Intuitively "meta-ethnic frontier" seems like a plausible idea to me, but it also seems plausible that populations on frontier might have a more fluid and less definite idea of who they are as well (adopting customs from other people they encounter, switching subsistence strategy with climatic shifts and available land). Especially if it's not as much of a militarized frontier.
And the other difference with OTL might be change in the Chinese mentality. China might become less 'closed', more inclined towards expanding into the outer world.
I mean in OTL sending fleets somewhere far away and spending finances for similar purposes was kind of reckless. Everybody knows that this money and efforts would be much better used on maintaining the Northern border against the nomads - because just wait and in no time the hordes of mounted warriors would gather and storm China. And then your overseas lunatic ventures won't help you.
In the alternative "world without horses" there's less need to keep an eye on the North and that Chinese attitude might change...

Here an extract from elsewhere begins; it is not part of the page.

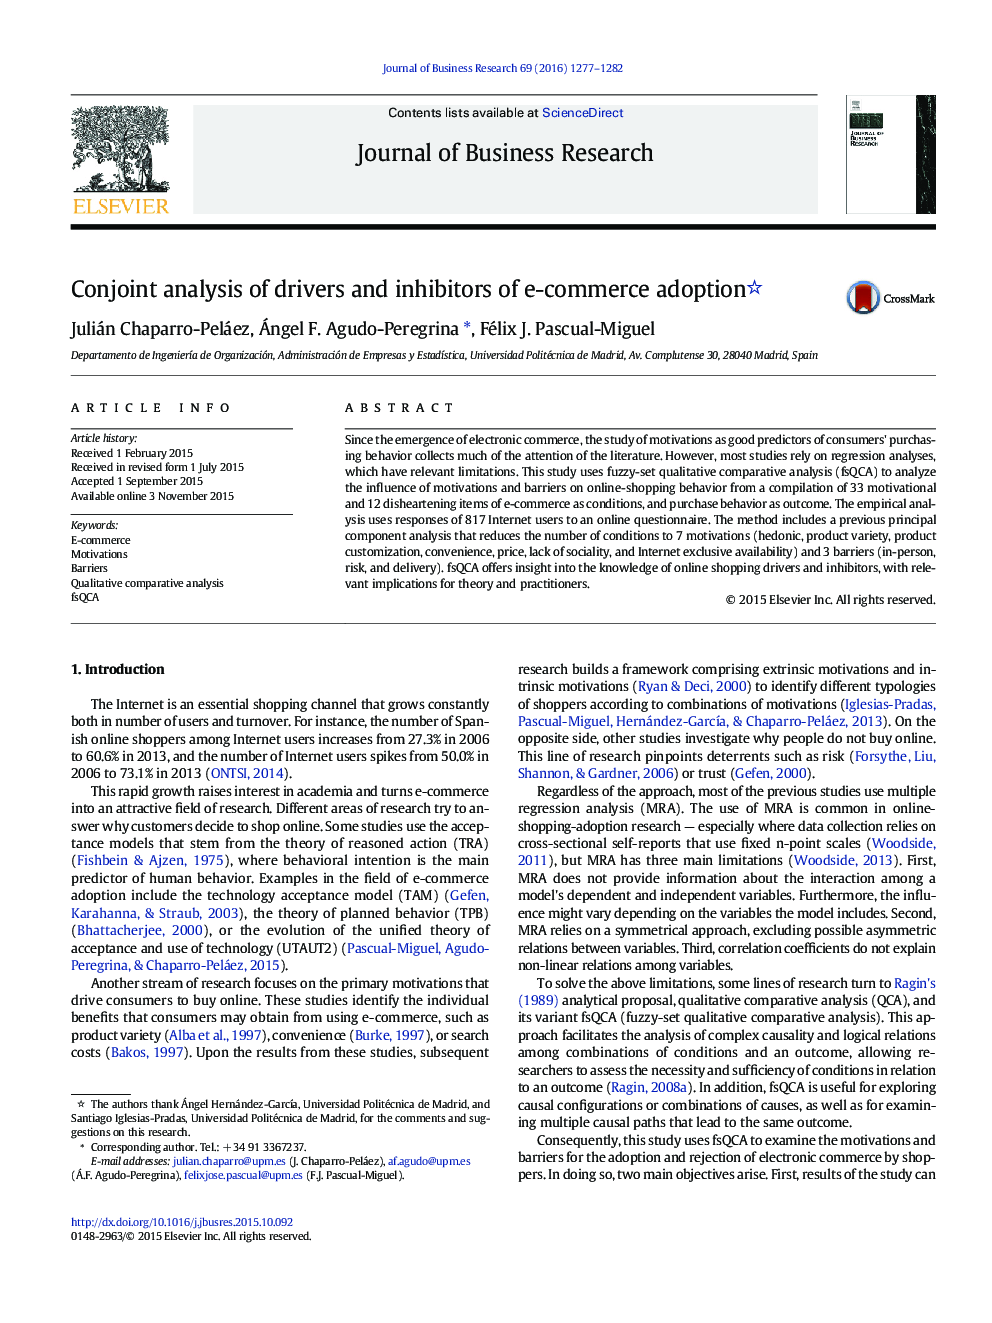 Conjoint analysis of drivers and inhibitors of e-commerce adoption

Although if they did, I wonder what they would find. In a horseless / steppe nomad free world, the butterflies for the development of early civilization in West Asia / South Asia / Europe are enormous. Even if it's all the same until Rome, you would butterfly out the Hunnic population movements, later expansions by Arabs, etc. Alternatively, even earlier might avoid the Late Bronze Age collapse. The whole Western world that seemed millennia ahead until the Iron Age and still hundreds of years ahead (roughly) by the time of quite late Rome might have survived. Maybe the ATL's China would see merchant fleets from Indus Valley successors or Mediterranean states turning up early in whatever their equivalent time of the Han Dynasty or earlier (their own outgoing overseas ventures or no).